A verbatim transcript of the data below is required, images omitted.

= Information supplied =
= = = = = = =

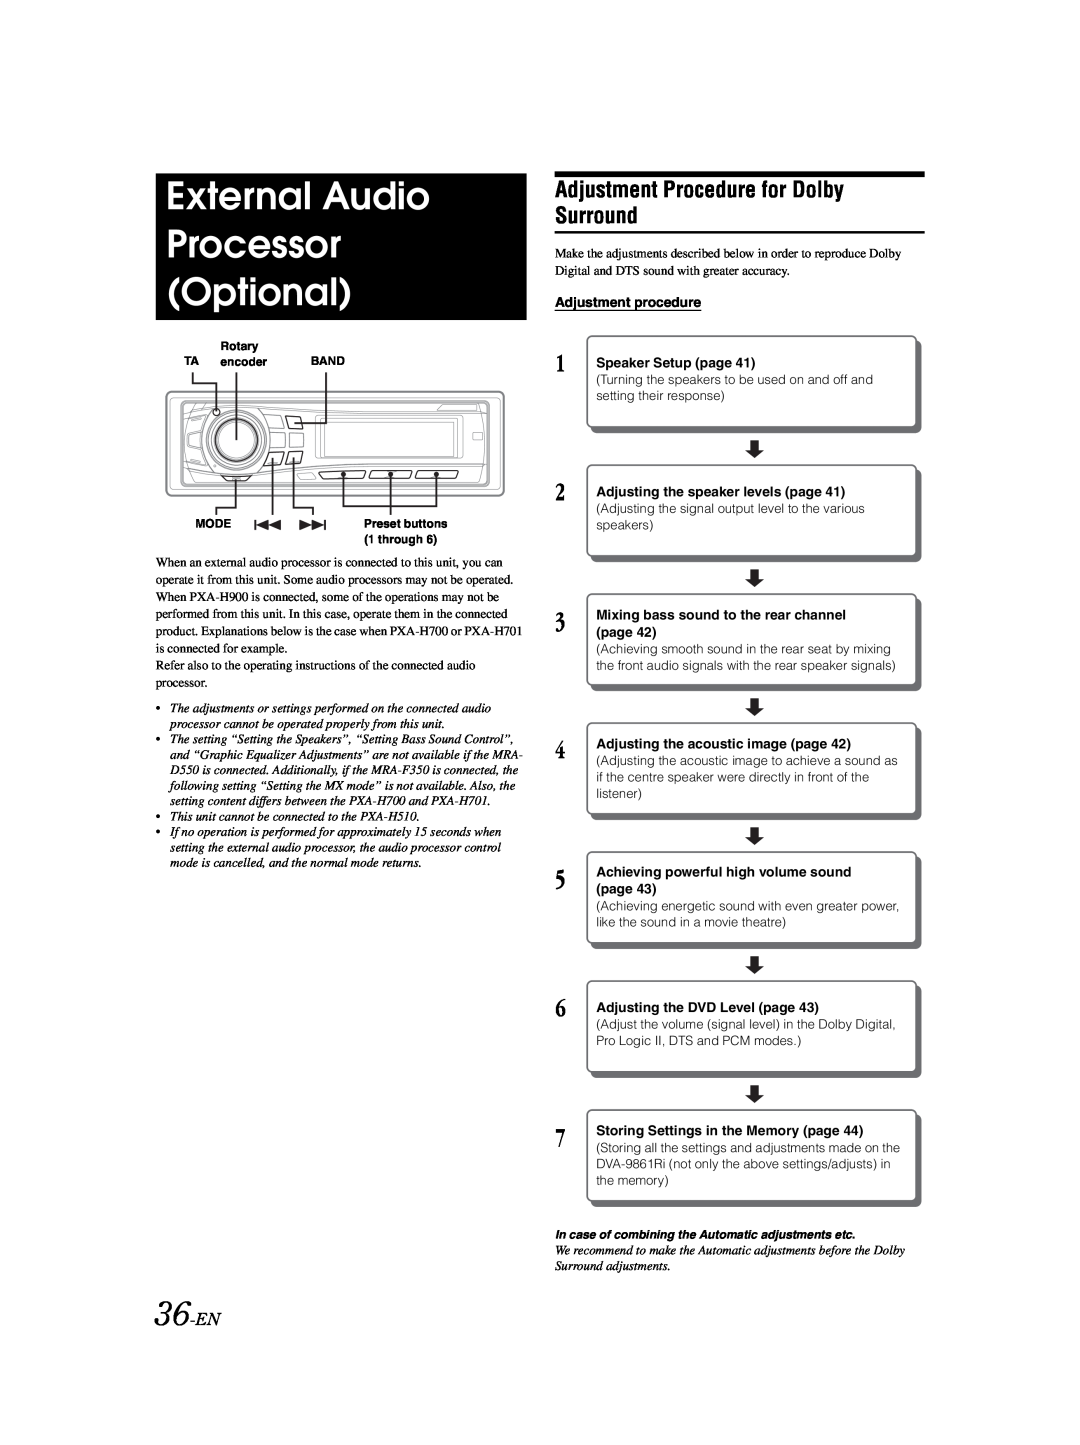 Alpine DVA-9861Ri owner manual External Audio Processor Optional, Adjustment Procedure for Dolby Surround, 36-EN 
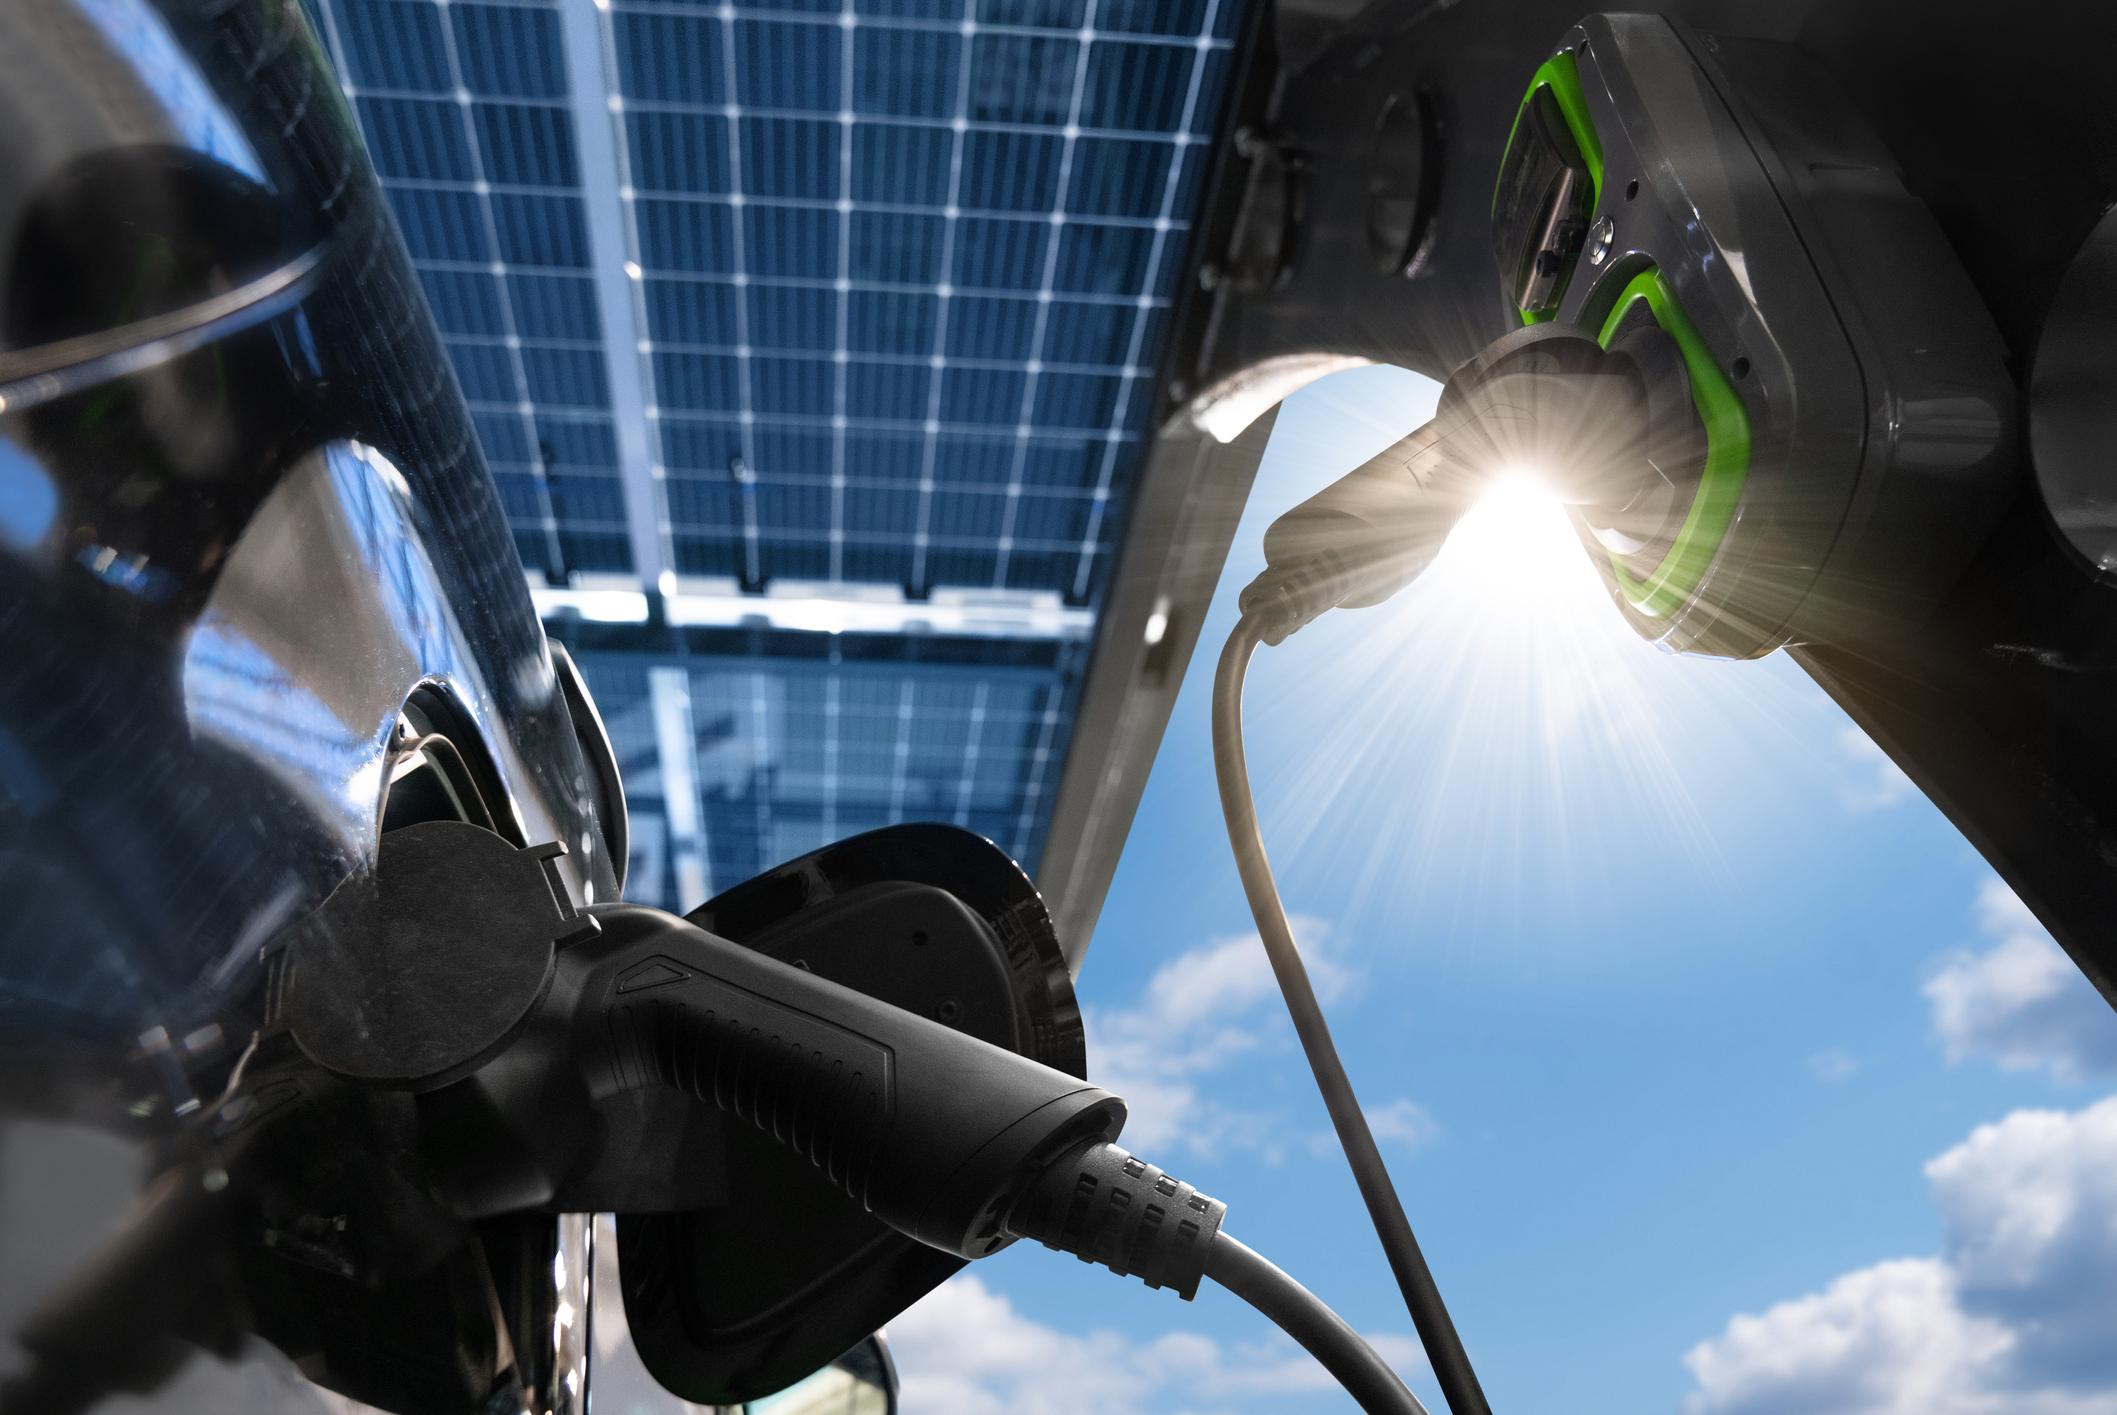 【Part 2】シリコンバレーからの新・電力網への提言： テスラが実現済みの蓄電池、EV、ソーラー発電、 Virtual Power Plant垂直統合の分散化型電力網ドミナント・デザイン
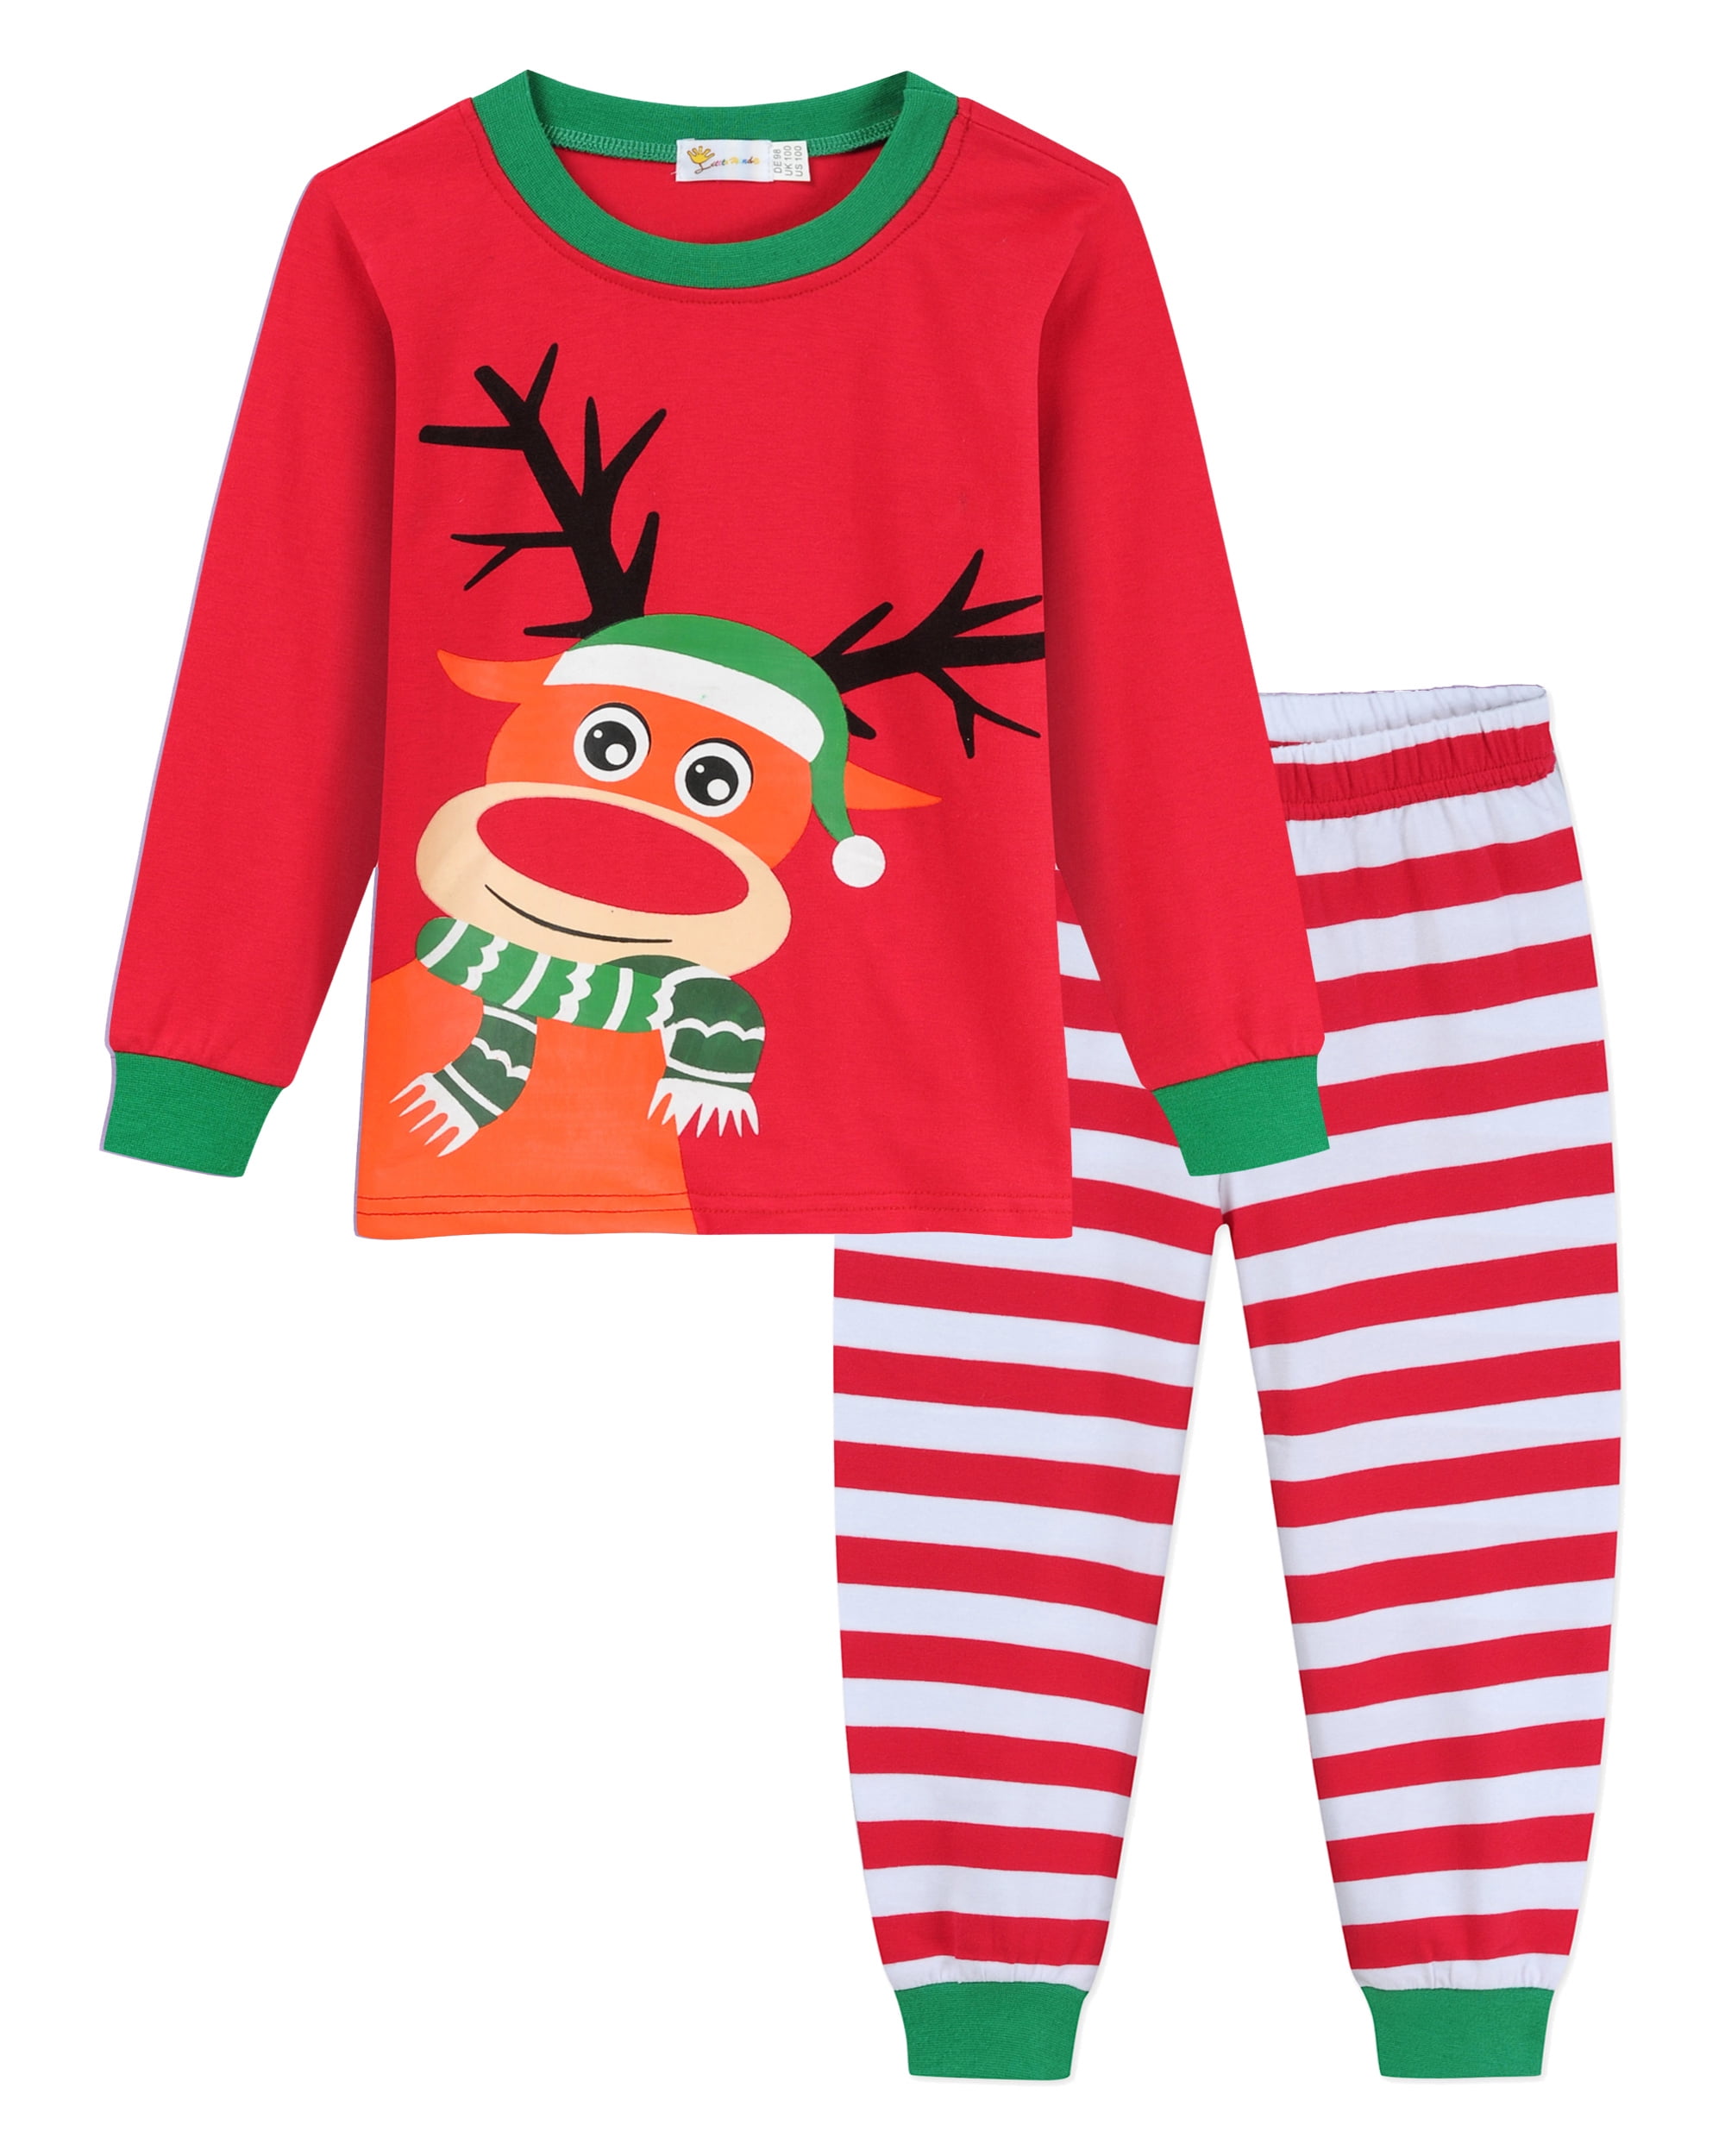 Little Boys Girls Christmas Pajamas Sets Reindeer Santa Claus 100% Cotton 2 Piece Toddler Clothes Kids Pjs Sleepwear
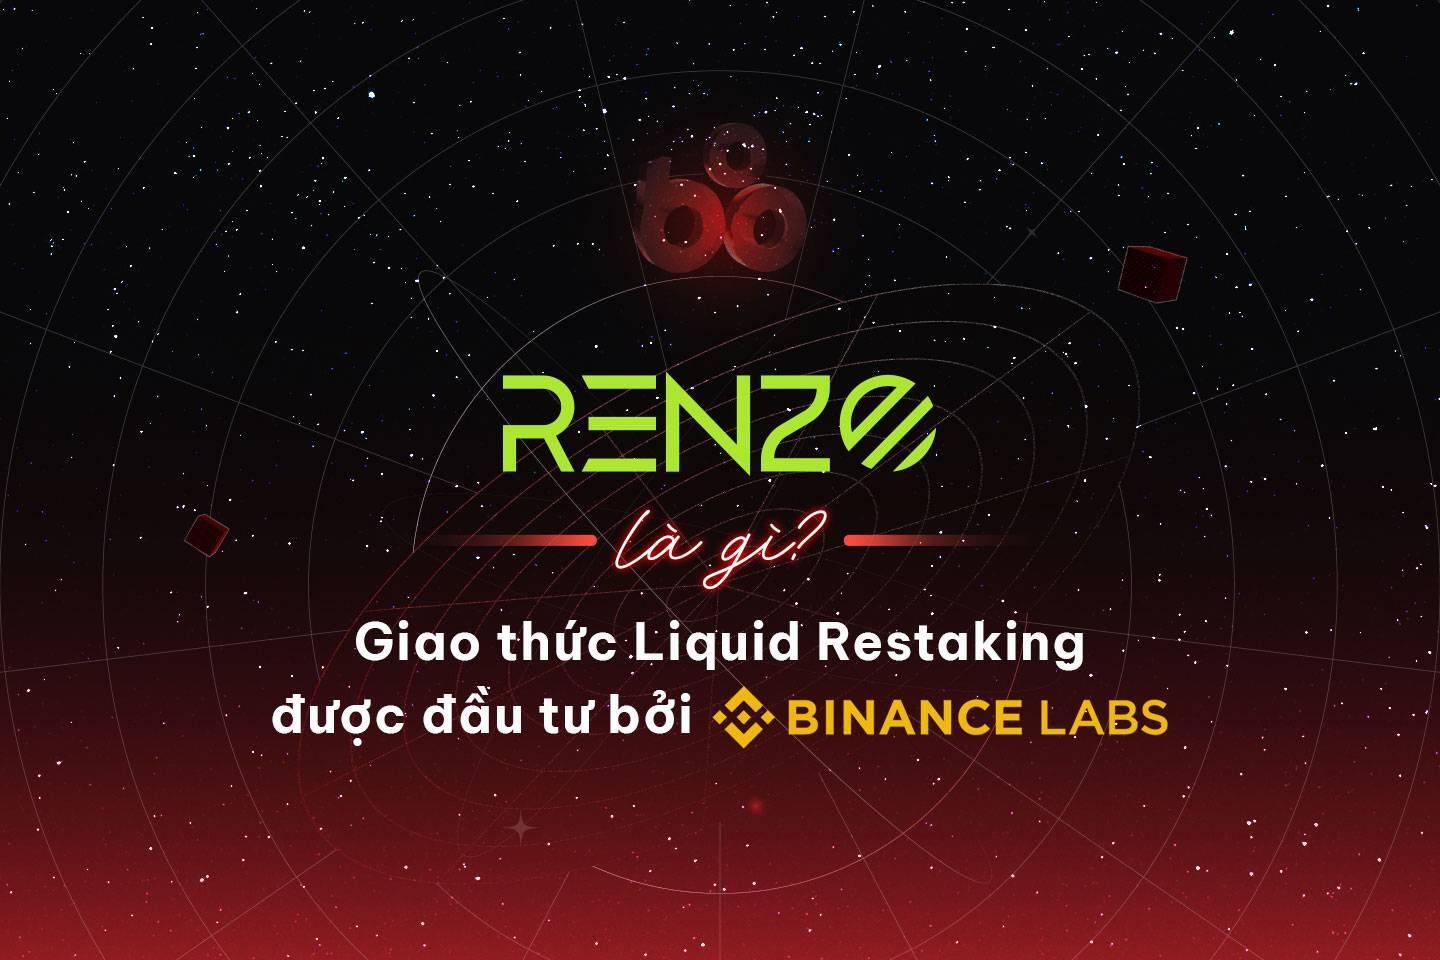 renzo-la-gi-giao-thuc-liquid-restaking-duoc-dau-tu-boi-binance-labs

= = = = = = =

= Task result =
 Alpine DVA-9861Ri owner manual External Audio Processor Optional, Adjustment Procedure for Dolby Surround, 36-EN 
 【Part 2】シリコンバレーからの新・電力網への提言： テスラが実現済みの蓄電池、EV、ソーラー発電、 Virtual Power Plant垂直統合の分散化型電力網ドミナント・デザイン
 Little Boys Girls Christmas Pajamas Sets Reindeer Santa Claus 100% Cotton 2 Piece Toddler Clothes Kids Pjs Sleepwear
 renzo-la-gi-giao-thuc-liquid-restaking-duoc-dau-tu-boi-binance-labs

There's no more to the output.